Adnan Rhimi

Personal information
- Full name: Adnan Al-Rhimi
- Nationality: Tunisia
- Born: 9 April 1988 (age 38) Tunis, Tunisia
- Height: 1.85 m (6 ft 1 in)
- Weight: 84 kg (185 lb)

Sport
- Sport: Wrestling
- Event: Freestyle
- Club: BOP Tunis
- Coached by: Nabil Ben Kraiem

Medal record
Men's freestyle wrestling
Representing Tunisia
Pan Arab Games
| Gold medal – first place | 2011 Doha | 84 kg |

= Adnan Rhimi =

Tunisian freestyle wrestler

Adnan Al-Rhimi (عدنان الرحيمي; born April 9, 1988) is an amateur Tunisian freestyle wrestler, who played for the men's light heavyweight category. He won a gold medal for his division at the 2011 Pan Arab Games in Doha, Qatar, defeating Egypt's Ahmed Aboumansour.

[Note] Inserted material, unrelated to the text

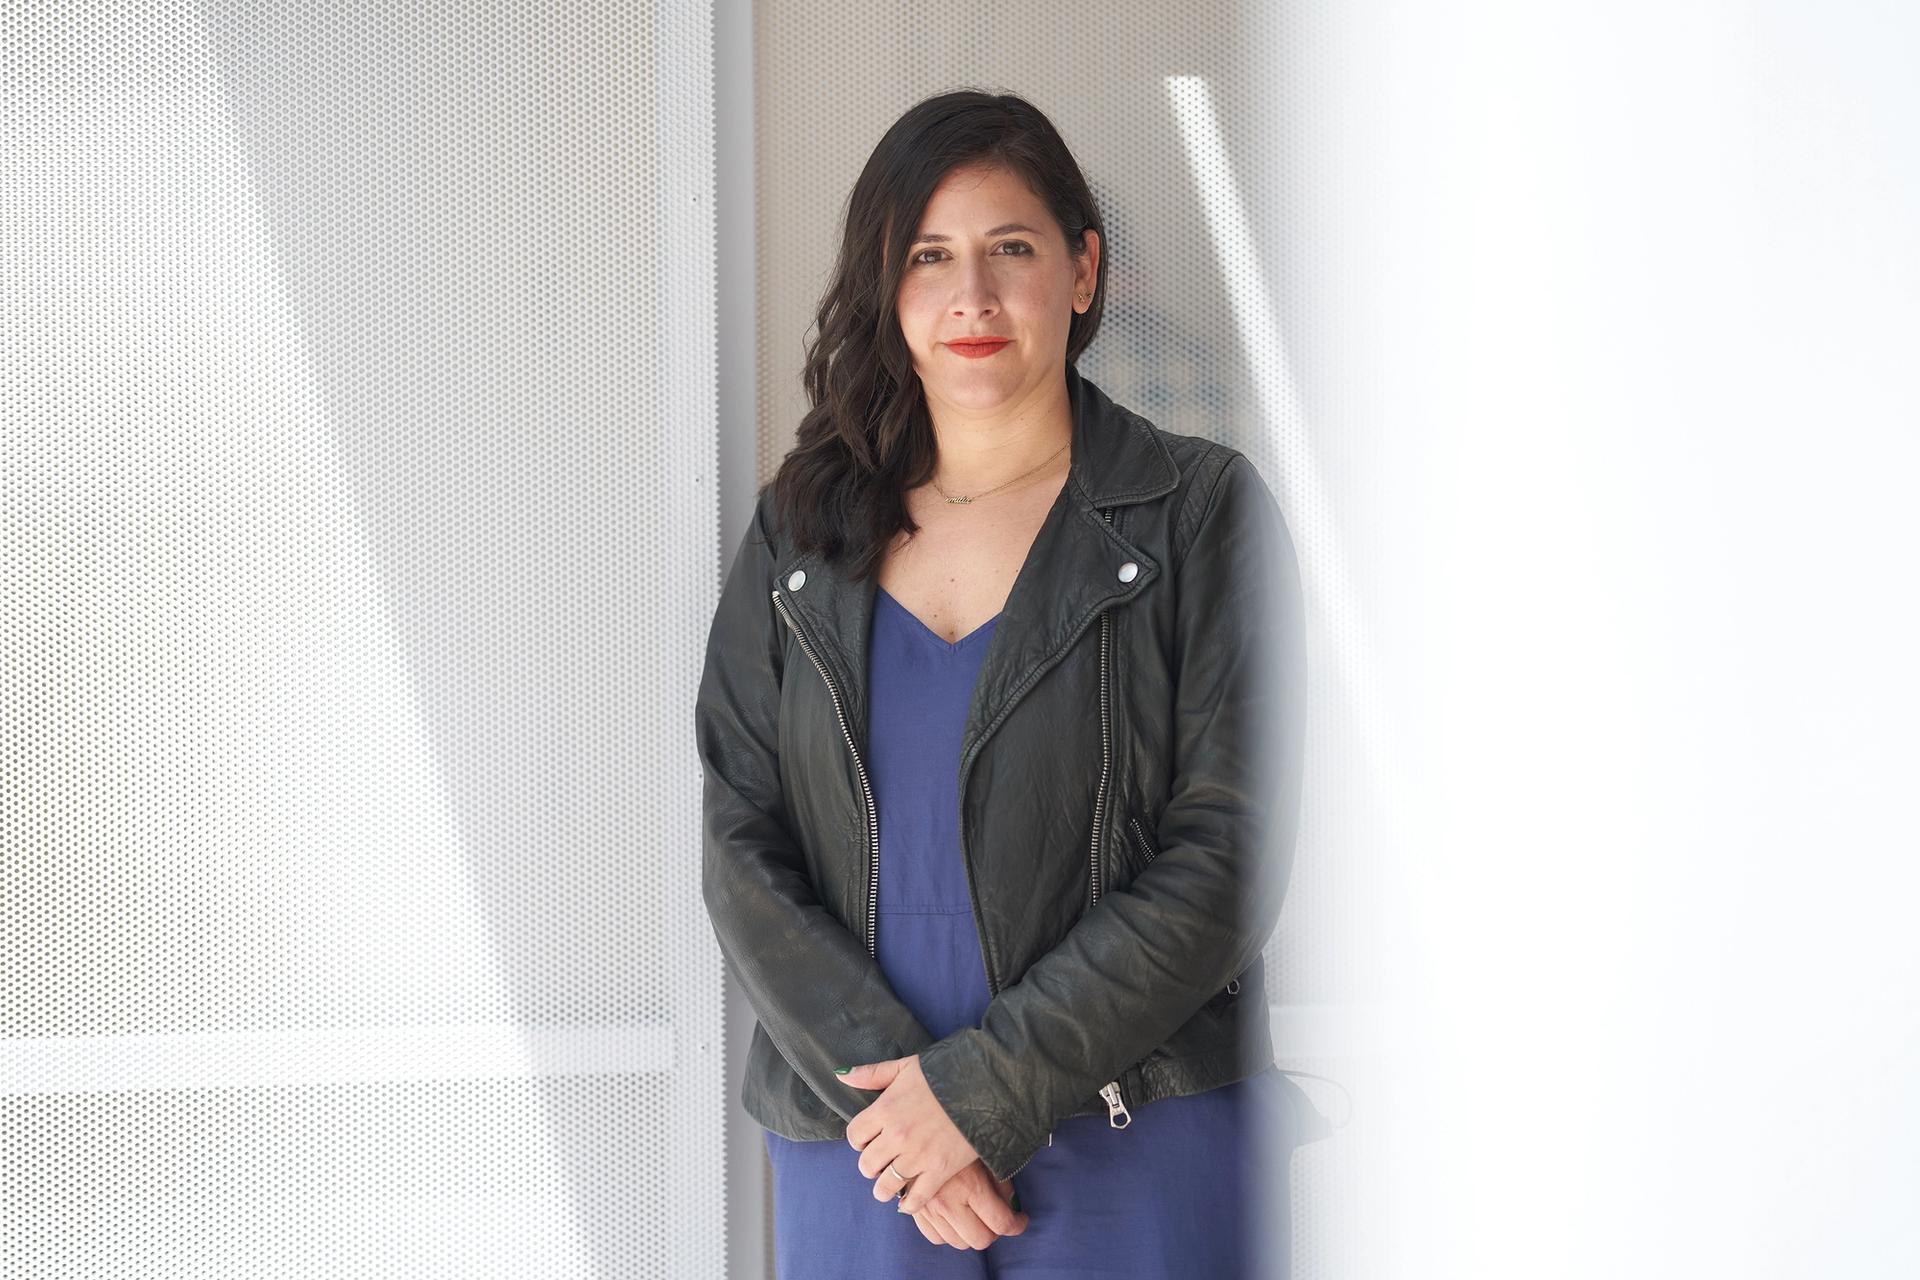 Marcela Guerrero, an associate curator at the Whitney Museum of American Art

Rhimi represented Tunisia at the 2008 Summer Olympics in Beijing, where he competed for the men's 84 kg class. He received a bye for the preliminary round of sixteen, before losing out to Armenia's Harutyun Yenokyan, who was able to score fourteen points in two straight periods, leaving Rhimi with a single point.